Wattage is work done which describes that transfer of energy from one form to another. You're thinking of current which is the flow of electrons, not work done.
Also consider Ohm's law. I = V / R
Unless you have a super conductor, there is always resistance, which means work is done and since electrons can flow freely, you'll heat up that wire really fast off the mains. Either that or you will fry whatever is generating that electricity (or trip a fuse.)
Which works out very well since applications that work better with high frequencies tend to be single threaded, and applications that don't need high frequencies tend to use multiple cores.
I'm surprised no one knows this already...:shadedshu
No, heat will still be produced regardless of the wire used.
It would be interesting to know how AMD will price these chips and how far the FX9590 can be pushed further maybe 5.5 on a good AIO cooler? ( I wish )
I teach this stuff up to grade 12. It fairly easy, but confusing to visualize. Go with the water example I added to my edited post above.
Wattage is power is work done over time. Mathragh is visualising it wrong.
Also the CPU takes DC current, which is quite different (and less complicated) than AC.
But, you are right that he is thinking of current. Where current in = current out (always)
Energy in =/= Energy out. But, you don;t look at the energy coming out of a system to determine the amount of energy used by that system.
You need to look at the voltage drop across the component to determine how much energy has been used (Voltage is joules per coulomb)
This is what I meant, thanks. I do know current stays exactly the same, but apparently I'm not always as clear as I think I am when I'm explaining what I'm thinking.
Lol, sorry for all the pants I got in a twist people .
Anyway, back on topic, and restating my former question:
Does this chip involve some new mojo(trinity->richland mojo?(sort of)) or,
Just an aggressive binning of vishera?
I personally think it's just binning, but that would mean that they could potentially also implement the new turbo to current lower-end vishera chips.
Thanks again, this was the point I was trying to make, but apparently didn't have the words for. When current leaves the chip, its not at 0V, but its also not useable anymore, so its effectively wasted energy. Ofc all appliances work like this, but in this case, it is the difference between the power consumption, and heat generated(someone again correct me if i'm wrong)

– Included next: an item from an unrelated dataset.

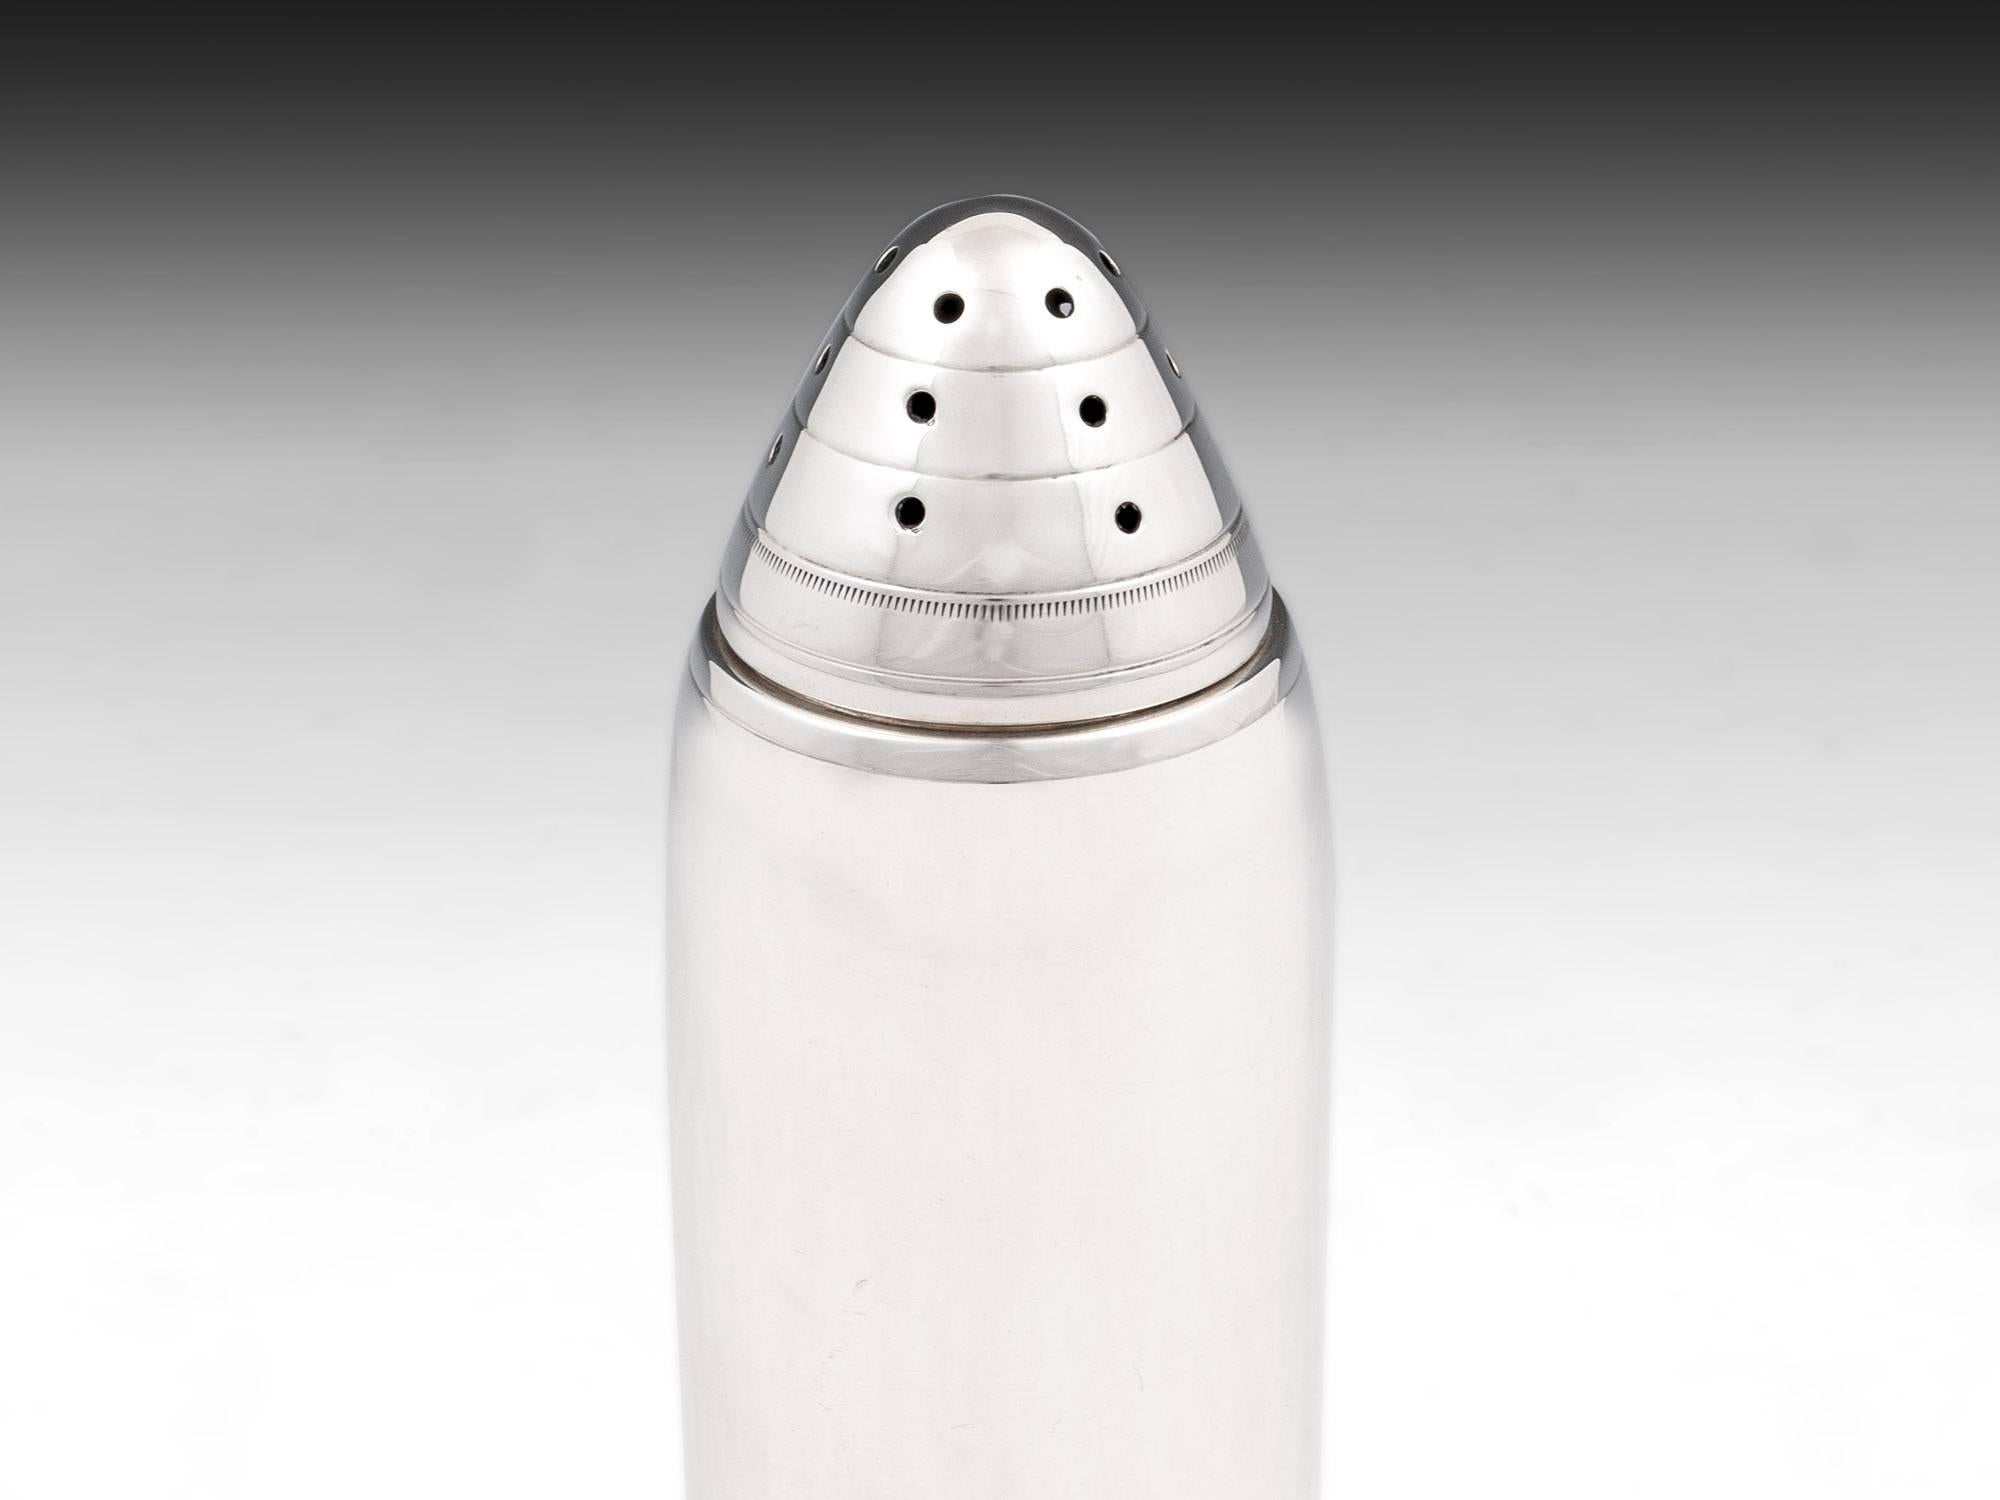 Sterling Silver Novelty sugar shaker in the form of an artillery shell, by Birmingham Silversmiths Stuart Dawson & Co Ltd.

Well, that depends. You have your voltage going in and you have the current flowing towards ground. Ground is 0v, yes, but if the CPU is the only resistive load between the voltage source and the ground, then the voltage between the ground and the CPU is 0v. If there is voltage between ground the CPU, that means there is a second resistive load between the CPU and ground which uses a portion of that voltage, which would result in less voltage for the CPU. That would indicate something other than CPU is doing work (like the VRMs, they get release heat too,) but even then, that's before the voltage going into the CPU. The loss is inside the VRM itself and that makes the CPU the second load.
So I disagree. I think the CPU is the only major resistive load there and that after the CPU, the voltage is very much so 0v. The current may be several amps though, varying with load.
I'm done talking about circuits though, we digress way too much for our own good. Hopefully this chip will be able to squeeze more than stock speeds out of it with something other than phase change.
Power consumption = Heat generated. It's by definition. Basically, if power is used then energy has changed forms.
The potential drop across a component will only be different from the potential difference across the terminals of the supply if you have other elements in series.
Voltage is measured in Joules per Coulmb. It is the amount to energy stored in the electrons' electric fields due to their proximity.
Think about having rubber balls (electrons) all squashed together at one side and rubber balls far apart next to them, but separated by a 1-way barrier.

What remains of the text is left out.